Hume continues the story with an account of: the leveller experiment with communism; of the Scottish Parliament's proclamation of Charles II as king; of Cromwell's genocidal suppression of the Irish revolt; of his near nemesis at the Battle of Dunbar; of the crowning of Charles II at Scone; of Cromwell's final destruction of the now royalist Covenanter army at the Battle of Worcester; and of his subsequent annexation of Scotland.

After Cromwell's death, his son Richard Cromwell, "Tumbledown Dick", could not keep the republic together; and General Monck brought the army of occupation in Scotland south to effect the Restoration. This was followed by the execution of the remaining regicides: ... a mind, seasoned with humanity, will find a plentiful source of compassion and indulgence ... No saint or confessor ever went to martyrdom with more assured confidence of heaven than was expressed by those criminals, even when the terrors of immediate death, joined to many indignities, were set before them. They were hanged drawn and quartered. Four (already dead) were disinterred and subject to Posthumous execution.

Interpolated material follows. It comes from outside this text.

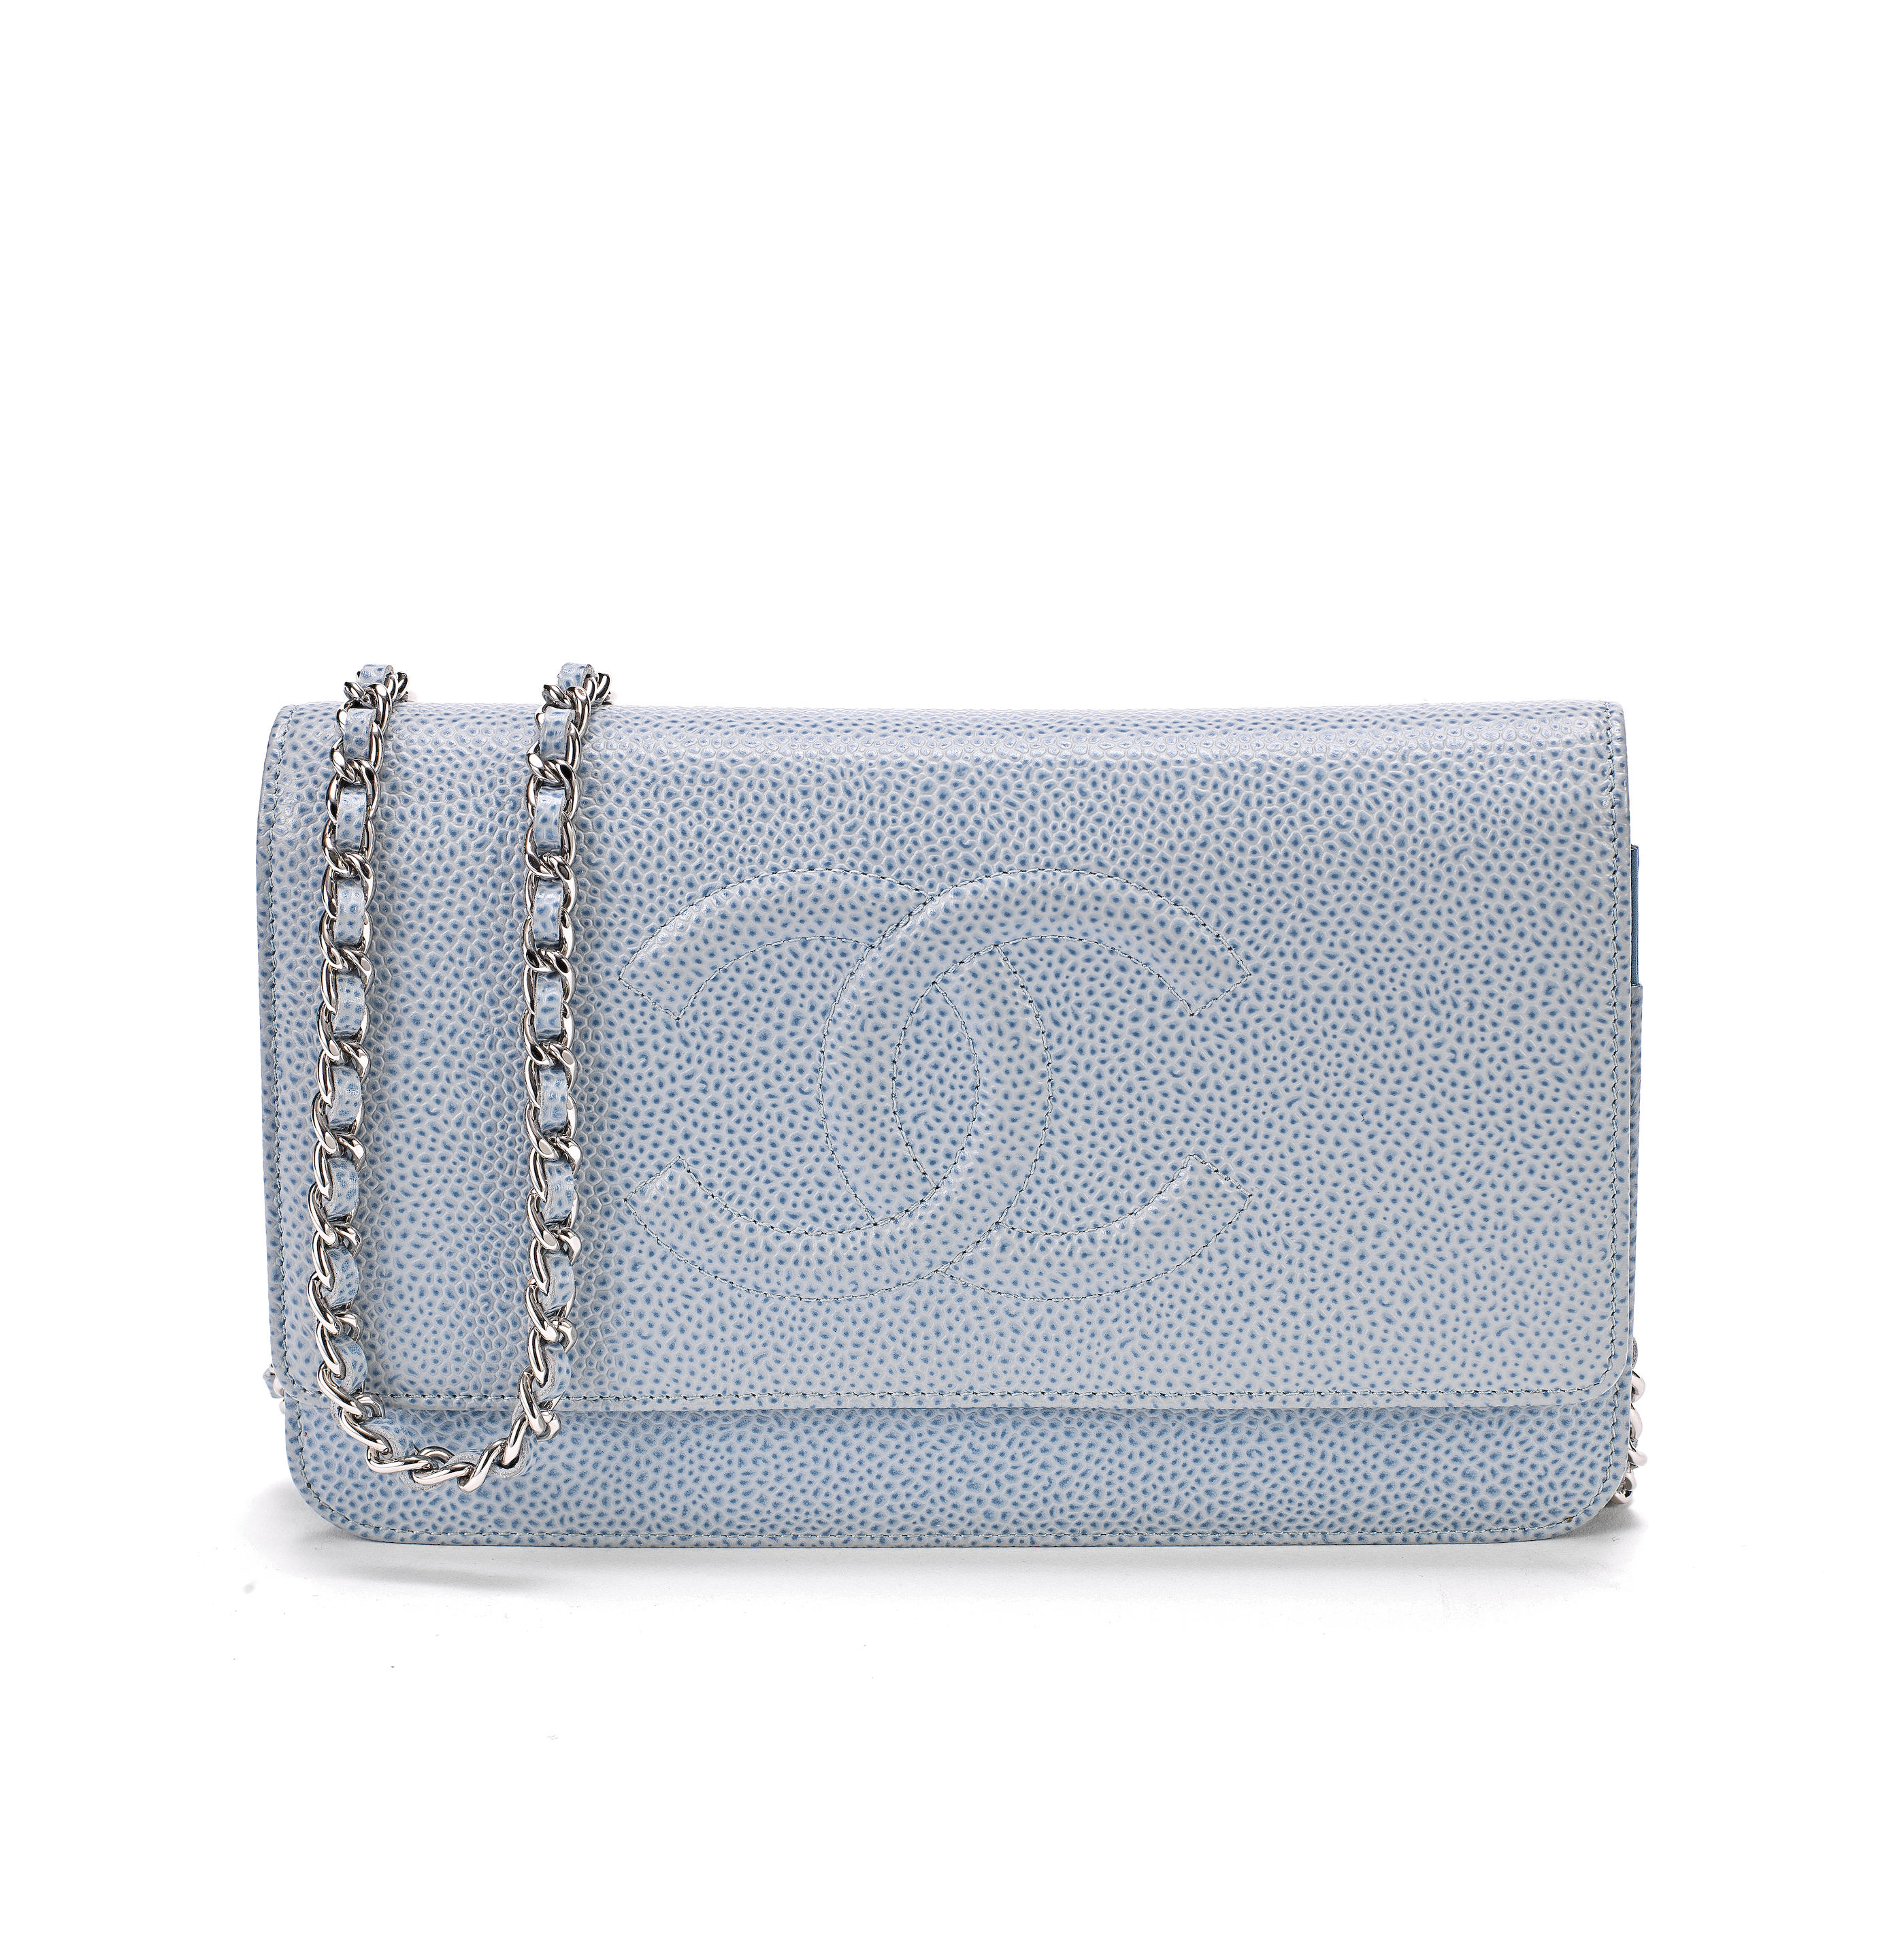 Bonhams : Chanel a Baby Blue Caviar Leather CC Wallet on Chain (WOC)  2012-13 (includes serial sticker, authenticity card and box)

Of this volume, Hume wrote: In 1756, two years after the fall of the first volume, was published the second volume of my History, containing the period from the death of Charles I. till the Revolution. This performance happened to give less displeasure to the Whigs, and was better received. It not only rose itself, but helped to buoy up its unfortunate brother.

===The History of the House of Tudor===
This history, written during the Seven Years' War, starts (Vol. 3) with the final overthrow and extinction of the old Plantagenet royal family by the Anglo-Welsh Henry Tudor; and his success in gaining acceptance for what was a weak hereditary claim. Robert Adamson tells us that this was the point where Adam Smith wanted Hume to begin the history. There follows the reign of Henry VIII, and his break with Rome; the English Reformation under his ill-starred son Edward VI; and the attempt at counter-reformation by his daughter "bloody" Mary I.

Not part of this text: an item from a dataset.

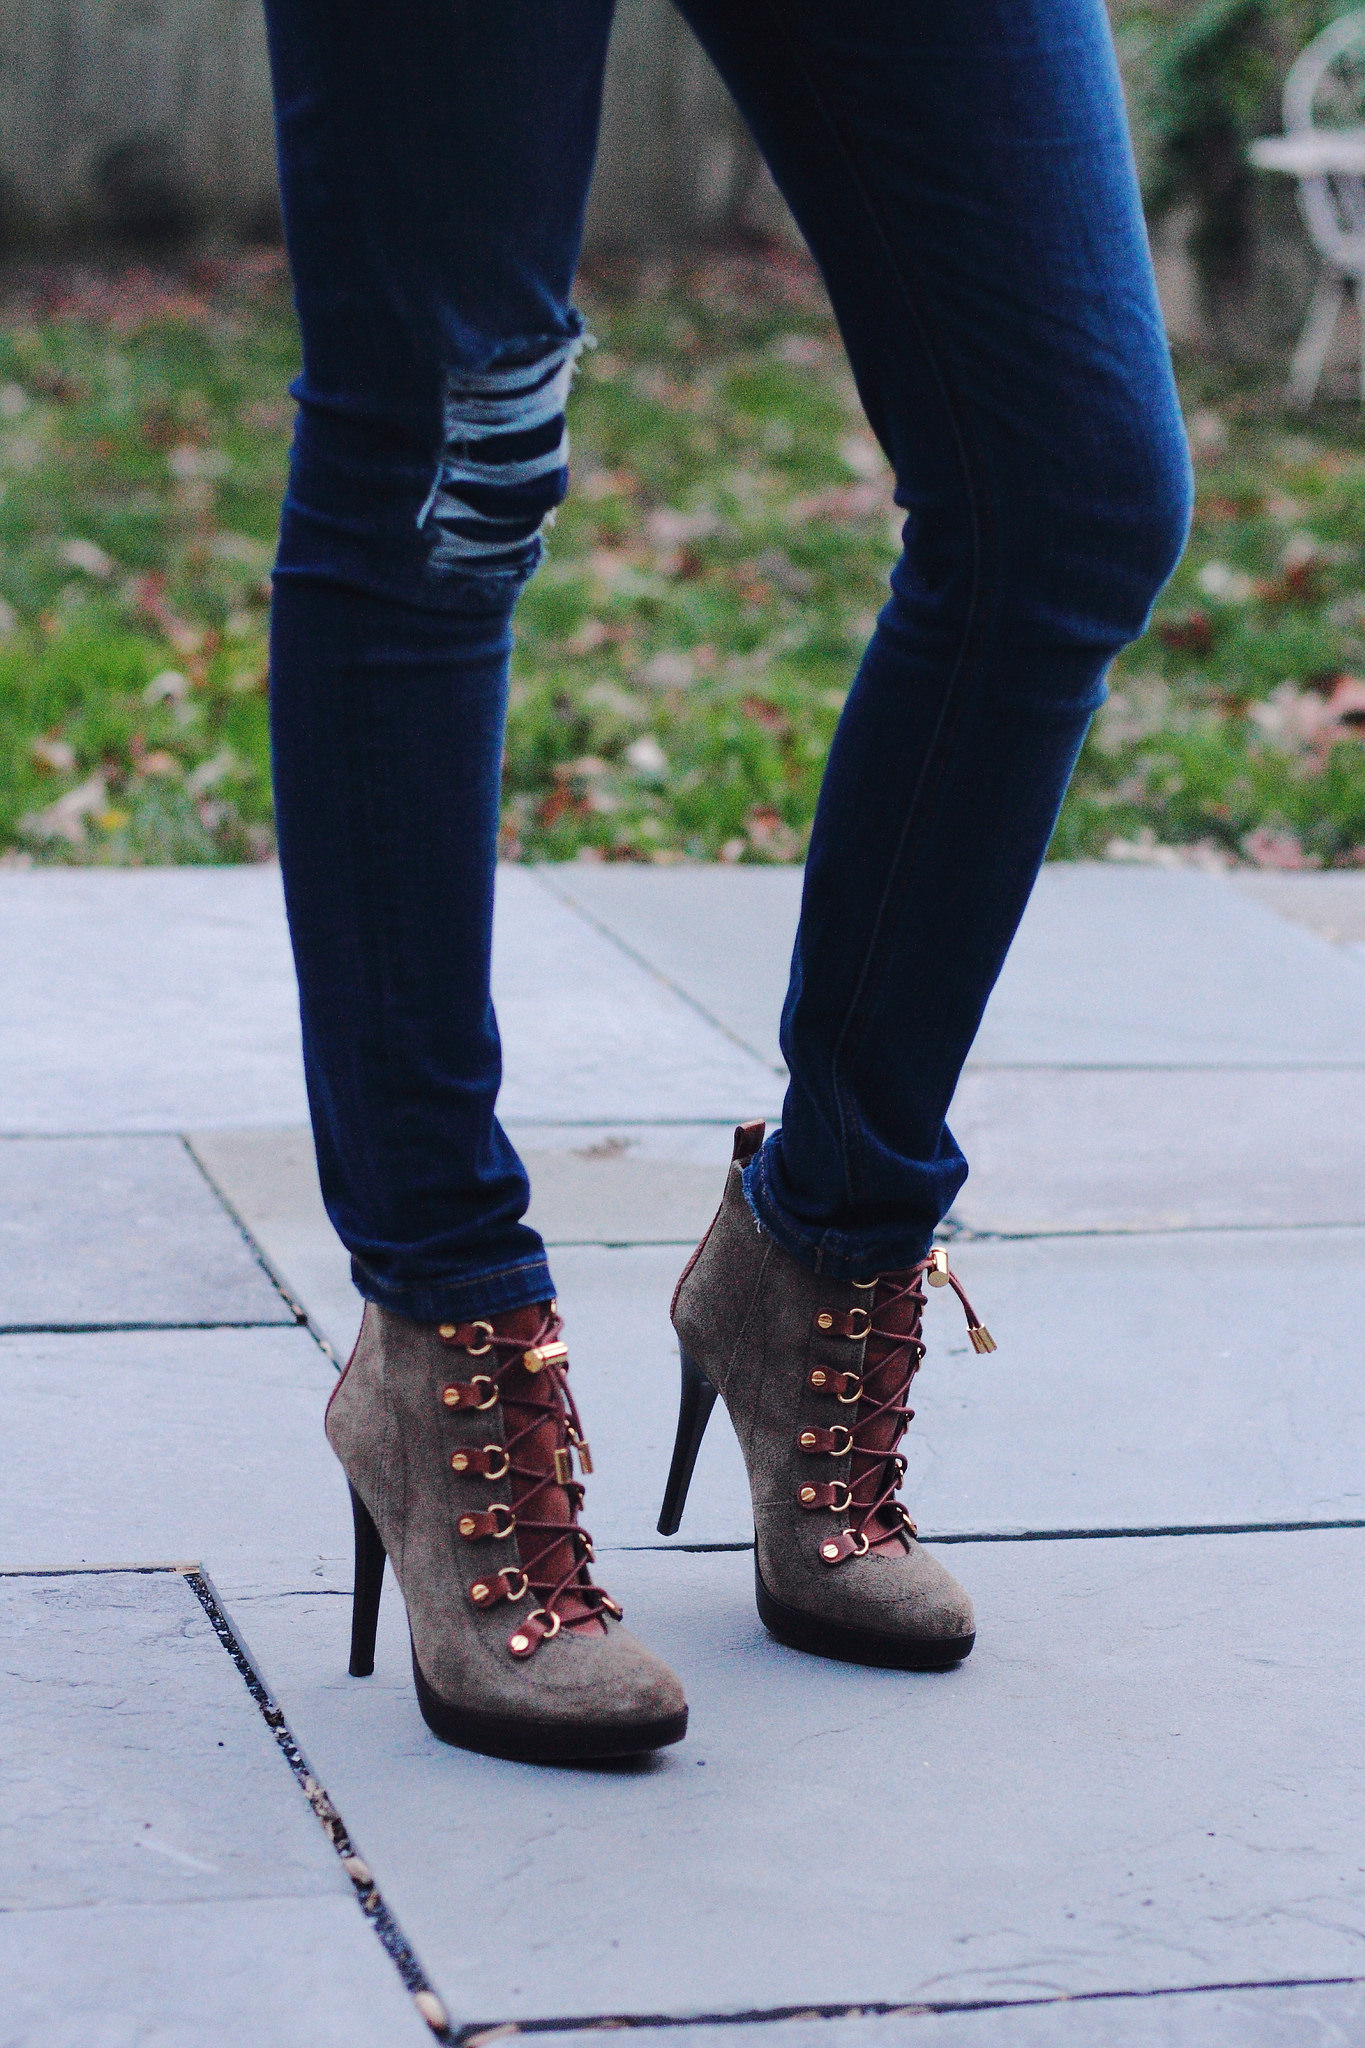 Tory Burch lace-up boots

Vol. 4 continues with the reign of Queen Elizabeth. Hume wrote: In 1759, I published my History of the House of Tudor. The clamour against this performance was almost equal to that against the History of the two first Stuarts. The reign of Elizabeth was particularly obnoxious. Hume's portrayal of Elizabeth is hardly flattering. However, there was another reason for the outrage. Hume, along with Dr. William Robertson, had been examining the papers relative to Mary, Queen of Scots. Both historians found that Queen Mary had indeed been complicit in the murder of her husband Darnley, thus exonerating what the Scottish Parliament had said when they deposed her. There have been copious attempts to refute Hume and Robertson on this.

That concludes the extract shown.